# Wifi Issue With ICS Roms For The Kindle Fire



## nicholas173 (Feb 4, 2012)

Had anyone else had issues with the fire not recognizing d-link routers when using ICS roms. It will recognize other brands but not d-link. It may be some other issue but the two routers I have are d-link and don't show up, but if I go somewhere with a different brand router works flawlessly.


----------



## tedr108 (Oct 14, 2011)

Are you sure that you don't have your router set up as a hidden AP? Try adding the AP name and password manually to your KF wi-fi list and see what happens.


----------



## nicholas173 (Feb 4, 2012)

I tried this, but no luck. It shows that the network is not in range.


----------



## tedr108 (Oct 14, 2011)

nicholas173 said:


> I tried this, but no luck. It shows that the network is not in range.


OK, I misunderstood ... thought you were not seeing it at all.

Well, I can tell you that it is not all d-link routers. I connect to a pretty wimpy d-link with my KF at a friend's house whenever I am there. No fancy setup, just default everything when he set it up.
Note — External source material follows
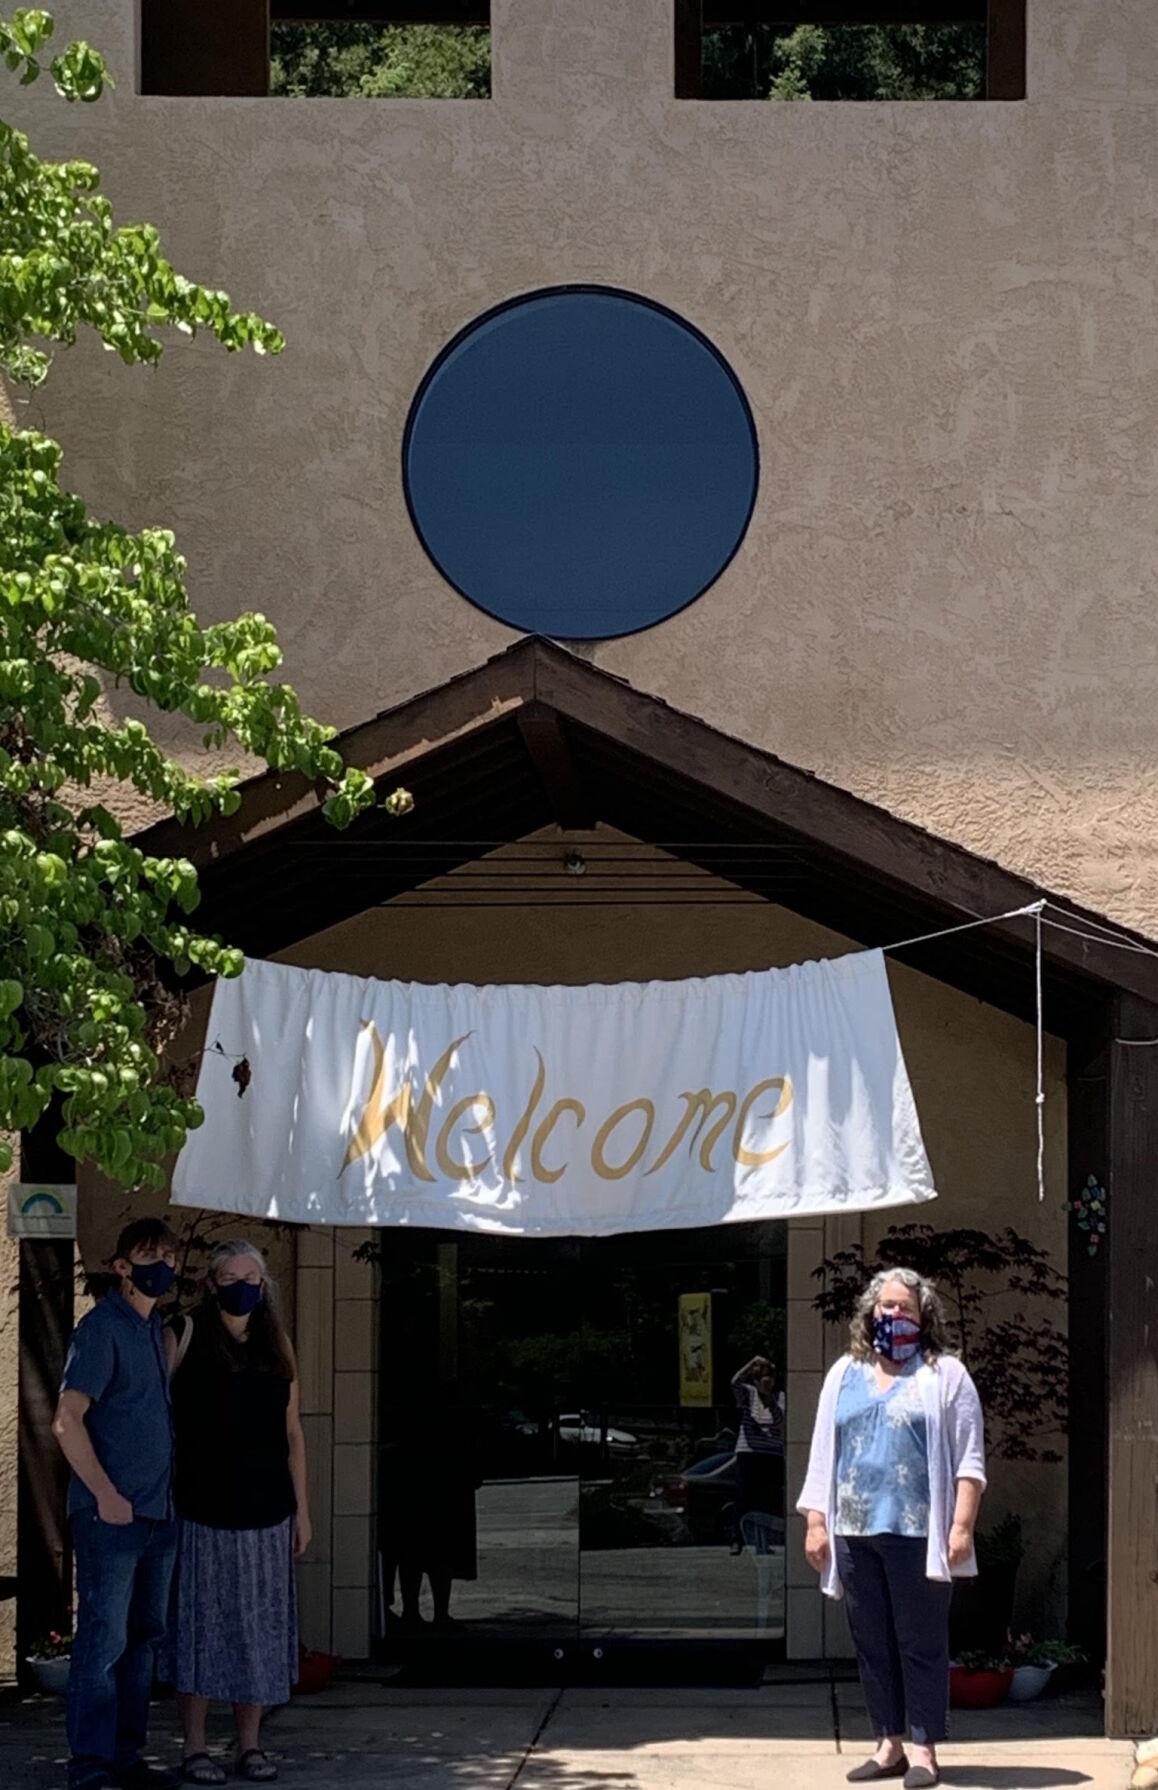 n front of the Welcome sign with Senior Warden Marcus Granger-Jones, and Vestry member Vicky Granger-Jones.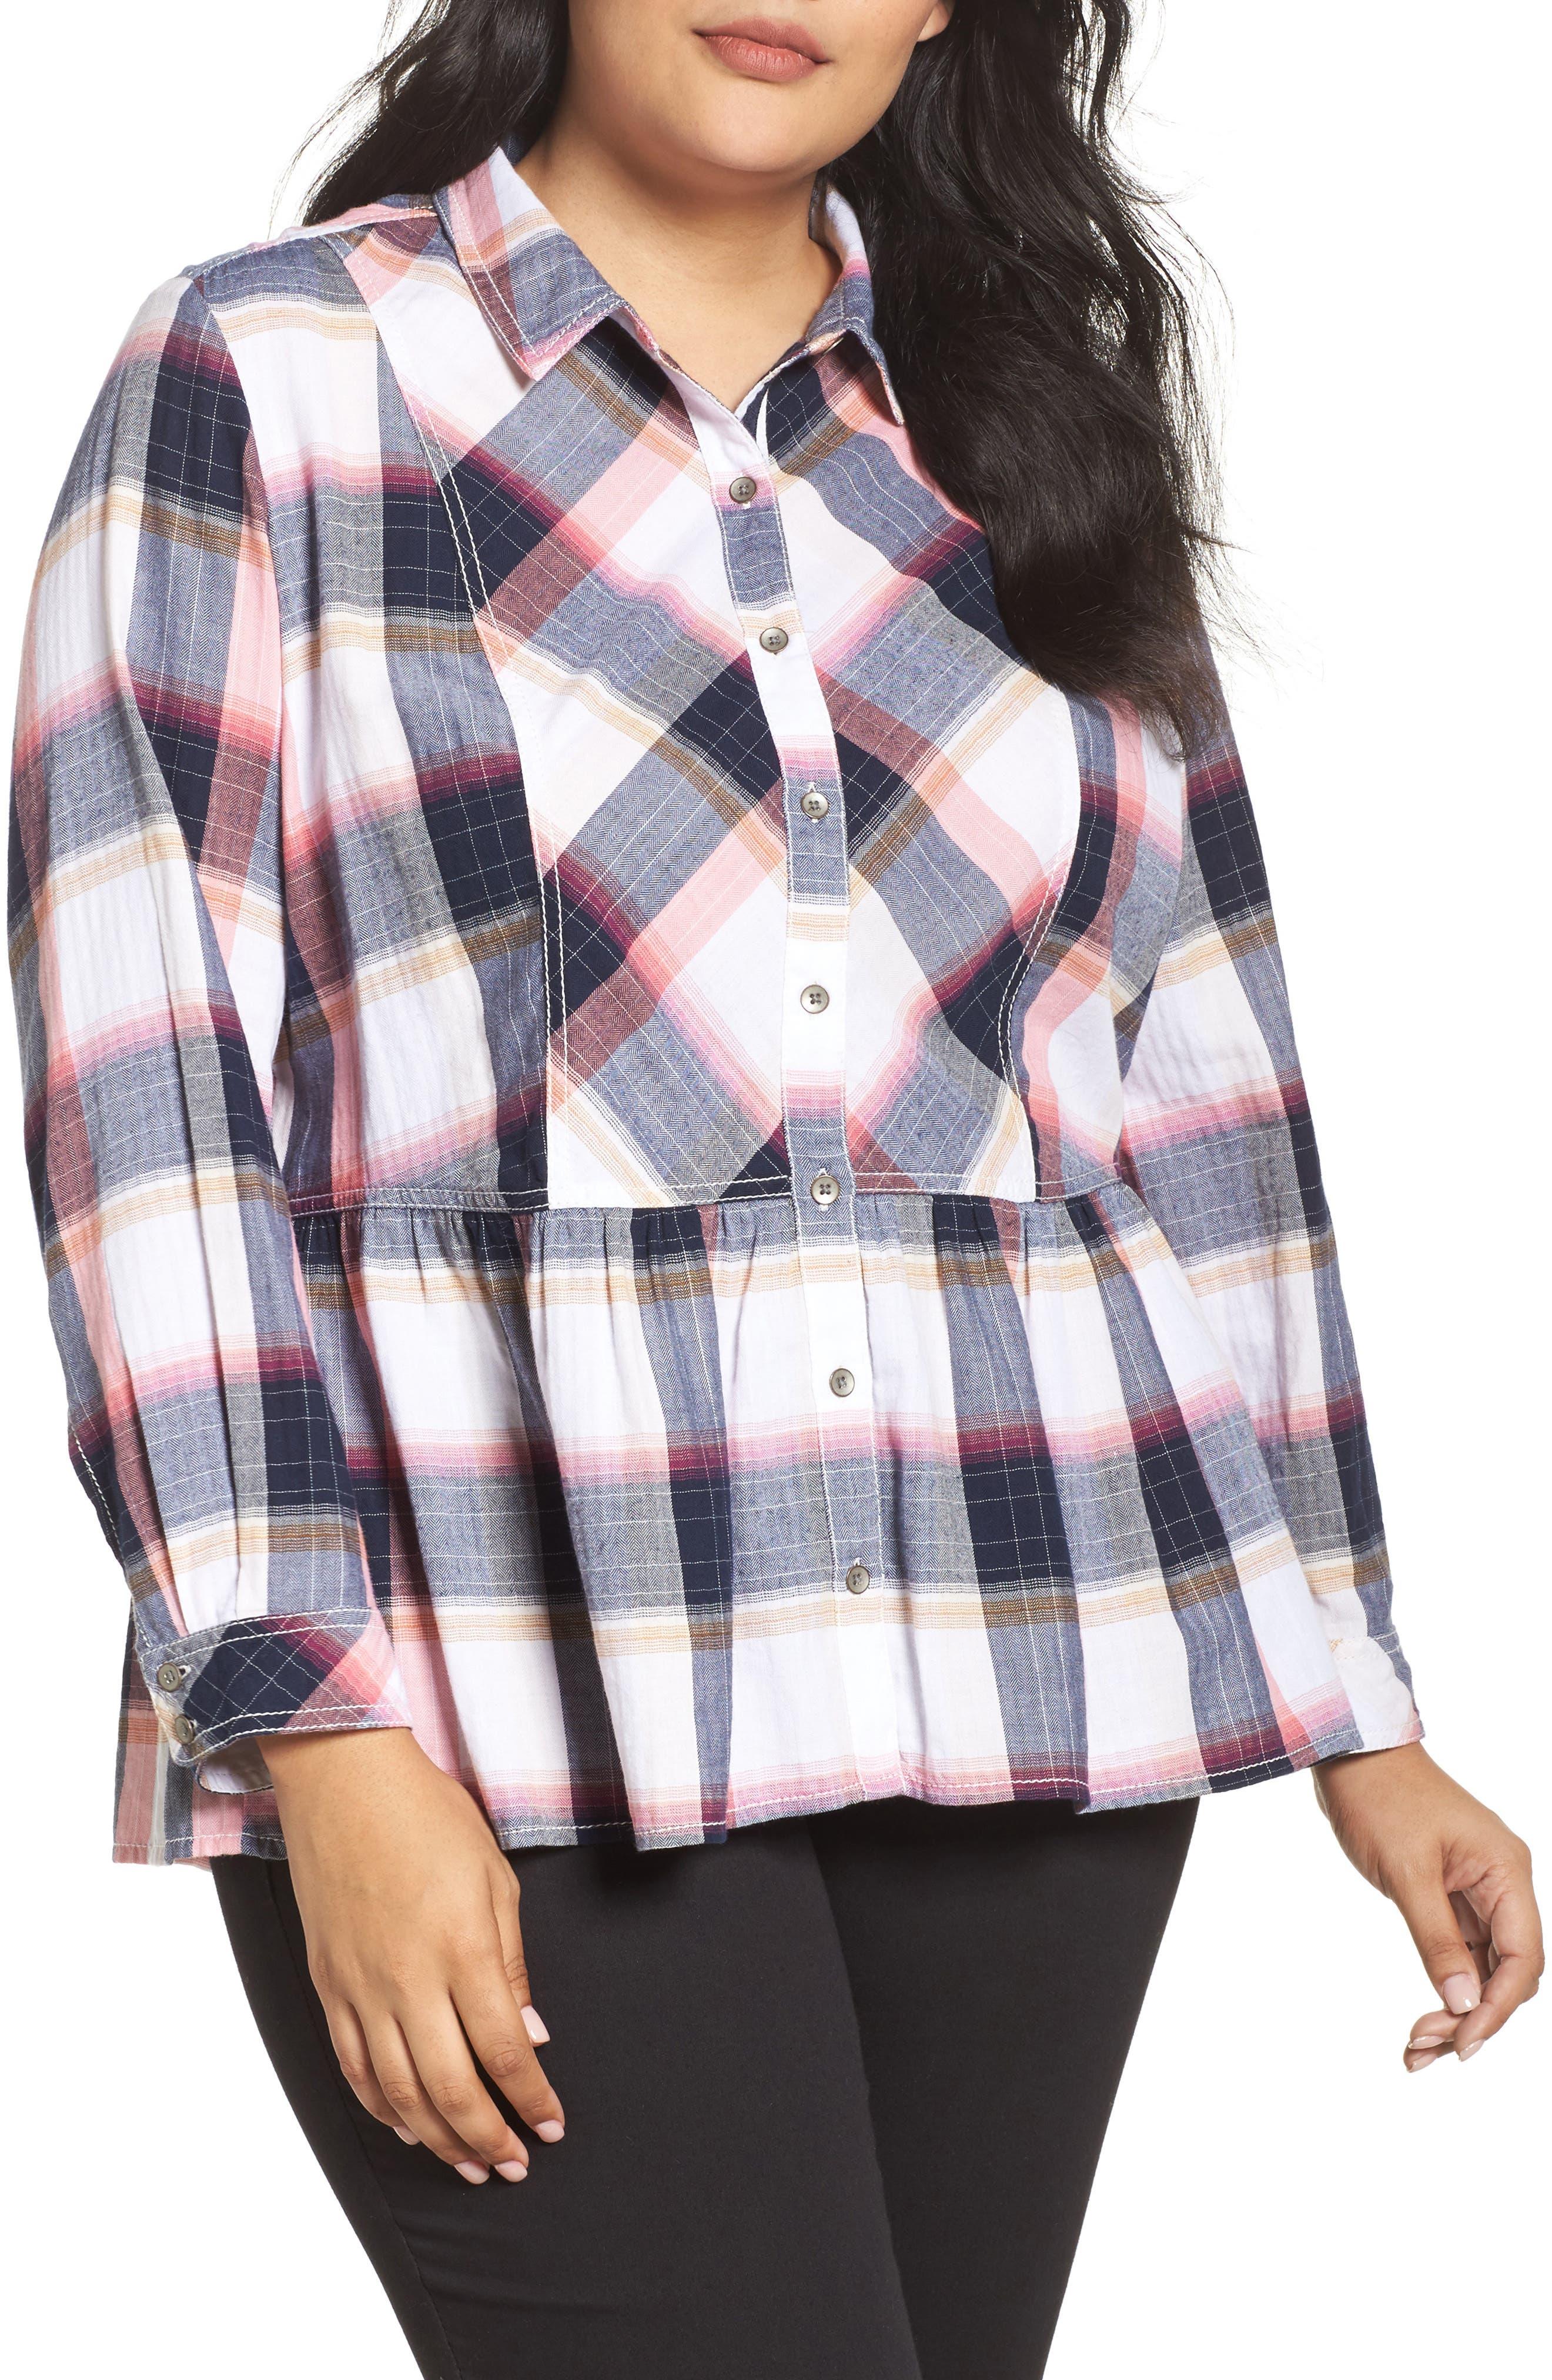 Alternate Image 1 Selected - Caslon® Plaid Peplum Shirt (Plus Size)

You might want to look at changing your router channel. Perhaps yours is set at a very low or very high channel that is out of the KF's range -- or perhaps there is a weird conflict with some other device (of a neighbor, e.g.) on the same channel. Those are about the only things I can think of. Never had any problems with the KF, but I do own another device that is not happy with some channels.


----------



## tedr108 (Oct 14, 2011)

You did try "forgetting" your router's AP name, right?


----------